Every incumbent walkthrough (Google’s own docs, DataCamp, philschmid, Eigent) reproduces the same five-line Fibonacci demo and stops. None of them tells you what a fresh sandbox costs, how environment_id persistence interacts with multi-turn billing, when to inline config versus save a reusable agent, or how the Antigravity SDK and agy CLI map back to the raw Interactions API. This guide covers exactly that, with code you can run today.

If you want the conceptual backdrop first, see our explainer on what Google Antigravity is and our I/O 2026 coverage of the Managed Agents launch. This piece is the hands-on companion.

Python code calling the Gemini Managed Agents API to provision a remote Antigravity sandbox — Image.

antigravity-preview-05-2026 is in public preview as of June 2026. The agent ID, generation-config limits, and the preview waiver on sandbox compute billing can all change before GA. Pin the agent ID in your code and treat anything compute-related as provisional.

How do I install and run a single-turn agent?

Install the Python SDK with pip install -U google-genai (you need google-genai 2.0.0 or later), set GEMINI_API_KEY, then call client.interactions.create() with environment=”remote” to provision a fresh sandbox. The response object hands you three things that matter: output_text (the final answer), id (the interaction handle), and environment_id (the sandbox handle you reuse for multi-turn work).

Here is a complete, runnable single-turn example. Note that I am reading both id and environment_id immediately, because you cannot resume a session without them and there is no way to look them up after the fact.

The interaction.steps list is your observability surface. Each entry is one reasoning, tool-call, or code-execution step, with stdout/stderr captured for the code steps. In production this is the only window you have into what the agent actually did inside the sandbox, so log it. When something goes wrong at turn 12, steps is the difference between a five-minute fix and a two-hour guess.

There is no list-interactions endpoint that returns a usable environment handle after the fact. If you do not persist interaction.id and interaction.environment_id from the create() response, the sandbox and all its files are effectively orphaned on your next call.

from google import genai

# Reads GEMINI_API_KEY from the environment
client = genai.Client()

interaction = client.interactions.create(
    agent="antigravity-preview-05-2026",
    input=(
        "Write a Python script that generates the first 20 Fibonacci "
        "numbers, saves them to fibonacci.txt, then reads the file back "
        "and prints its contents."
    ),
    environment="remote",  # provisions a fresh Google-hosted Linux sandbox
)

# Capture these NOW — you need both to resume in the same sandbox.
print("interaction_id :", interaction.id)
print("environment_id :", interaction.environment_id)
print("output         :", interaction.output_text)

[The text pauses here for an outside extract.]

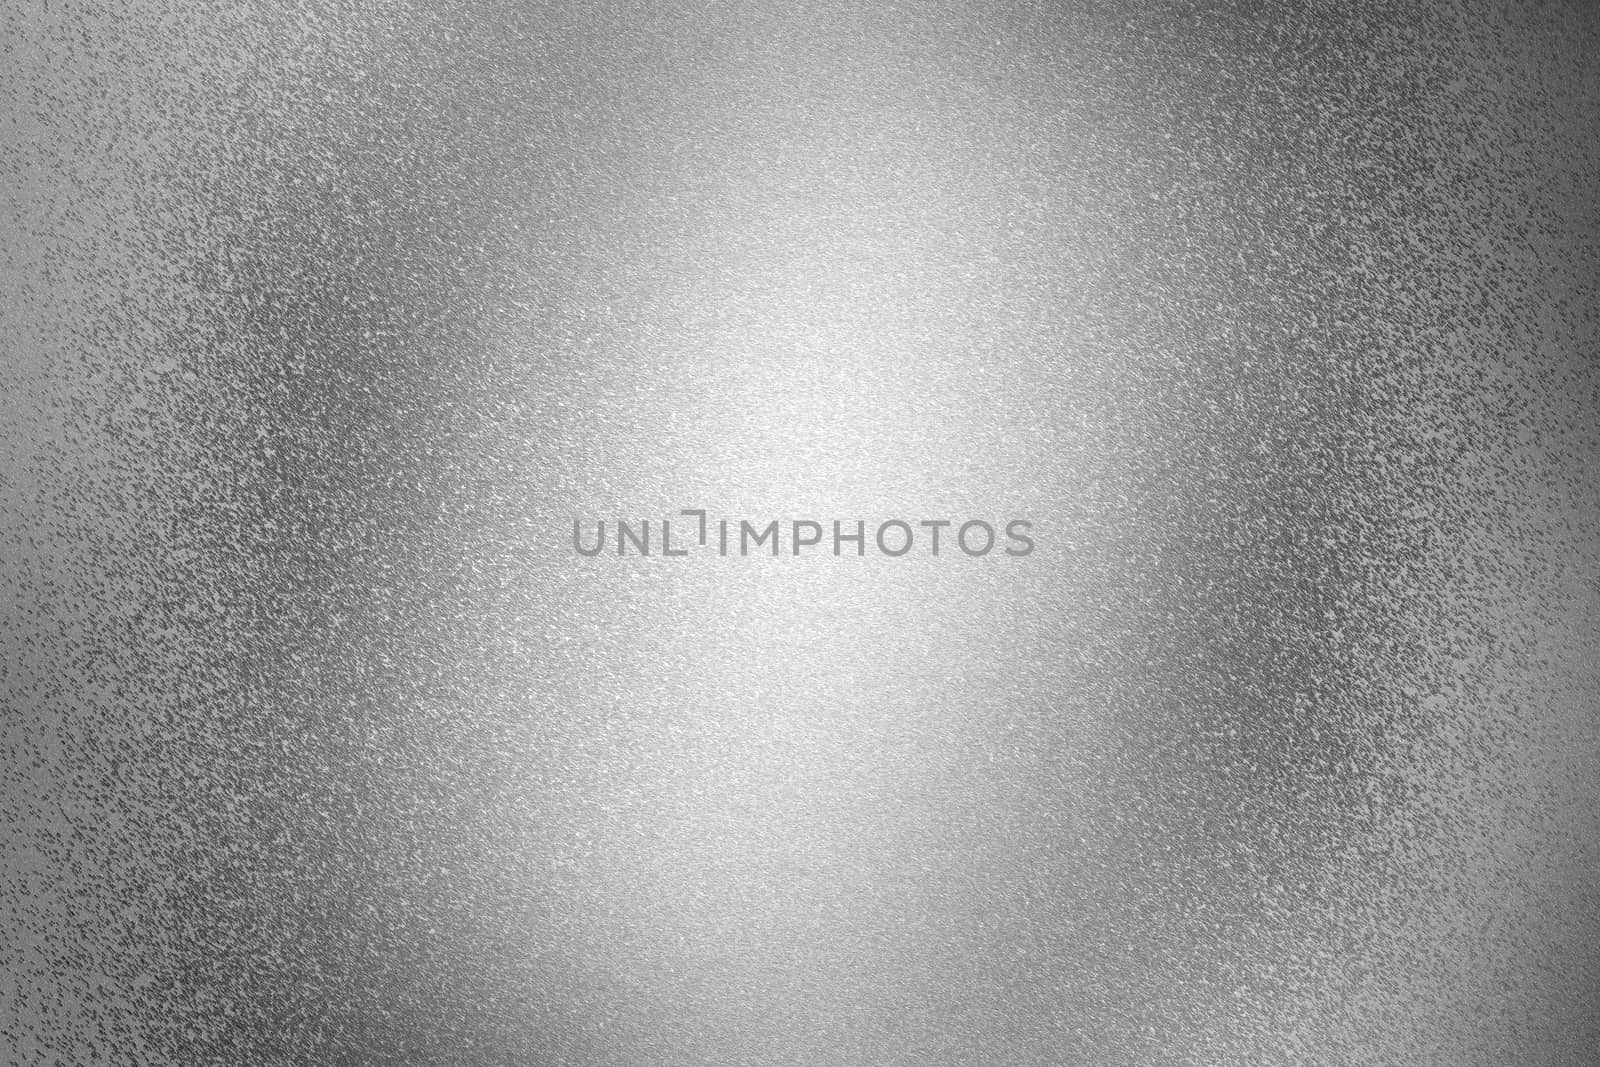 Glowing rough silver metal wall surface, abstract texture background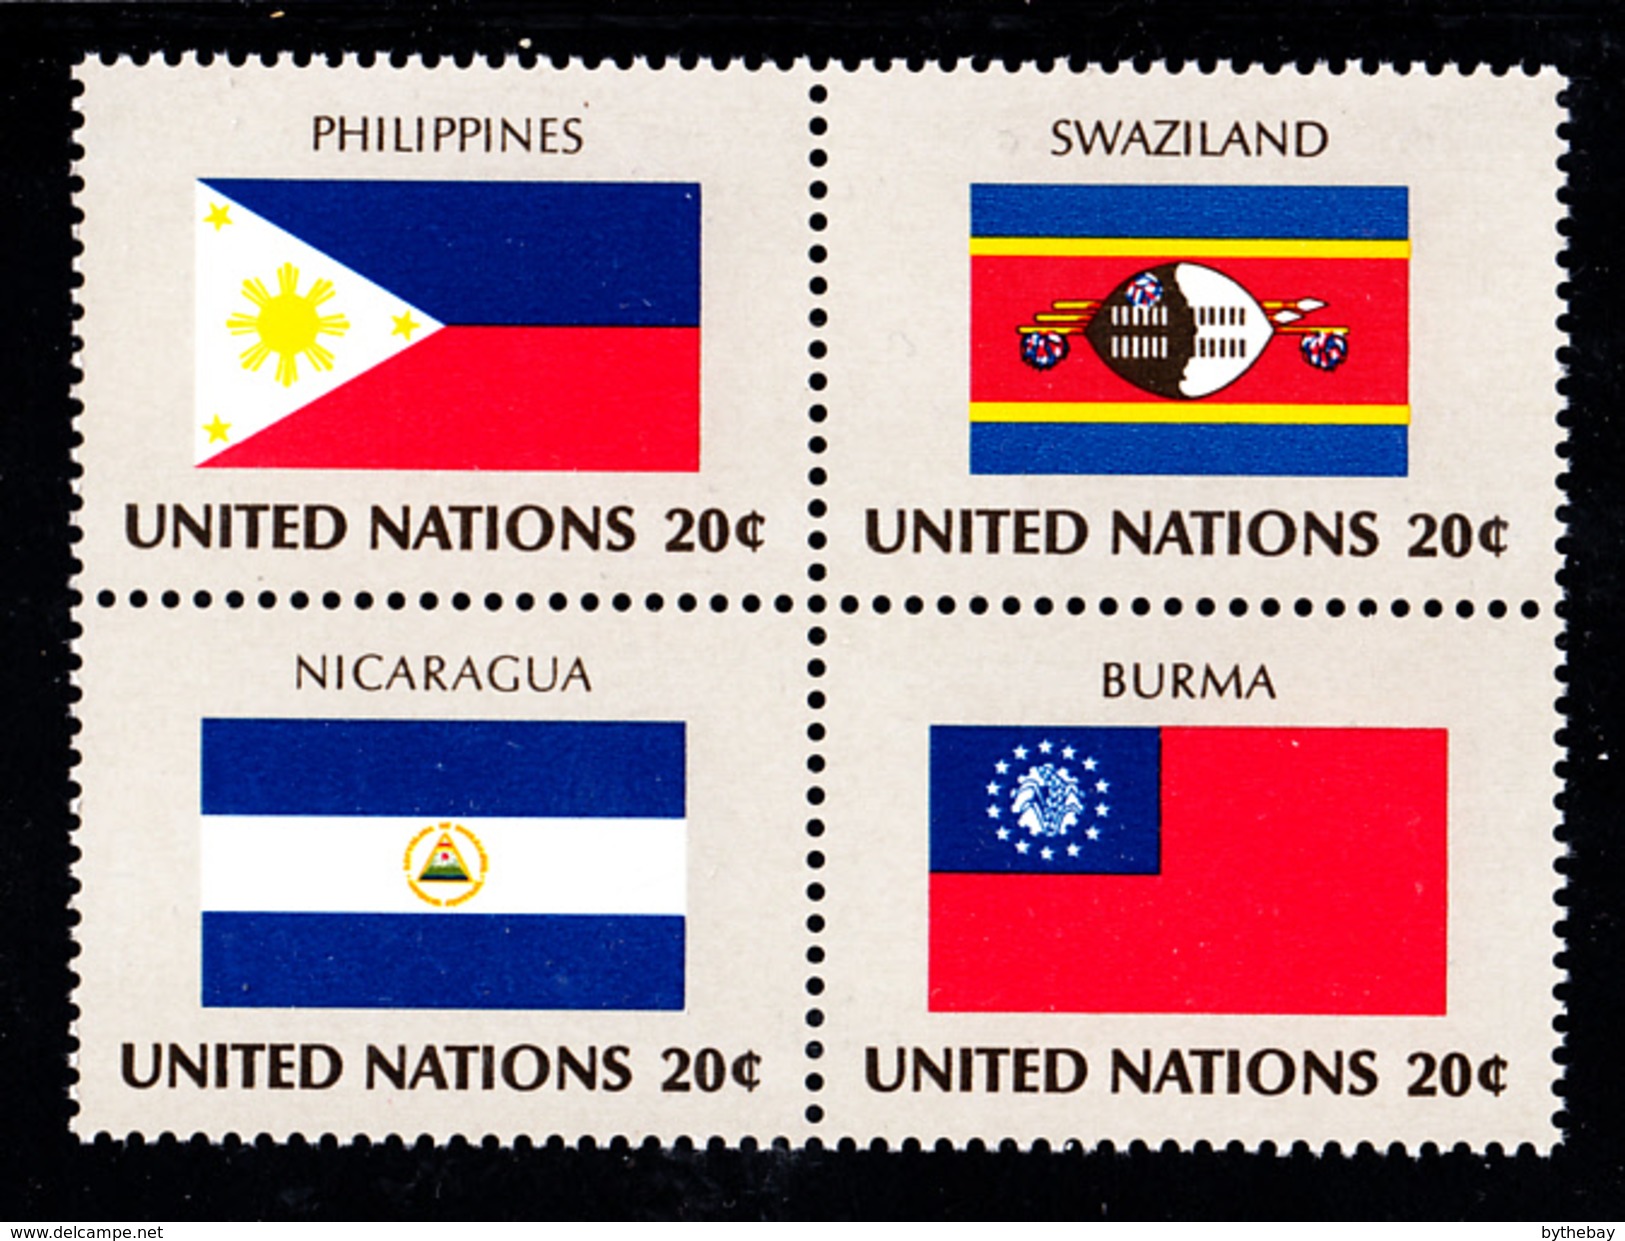 United Nations NY MNH 1982 Scott #385a Block Of 4 20c Flags: Philippines, Swaziland, Nicaragua, Burma - Ungebraucht

# steps is your only observability surface into the sandbox
for i, step in enumerate(interaction.steps):
    print(f"[step {i}] {step.type}")  # reasoning | tool_call | code_execution

How does multi-turn persistence and billing actually work?

To continue in the same sandbox, pass previous_interaction_id=interaction.id and environment=interaction.environment_id on the next create() call; files and state from turn one survive into turn two. This is the build agent gemini interactions api pattern that the hello-world never shows, and it is where billing gets subtle.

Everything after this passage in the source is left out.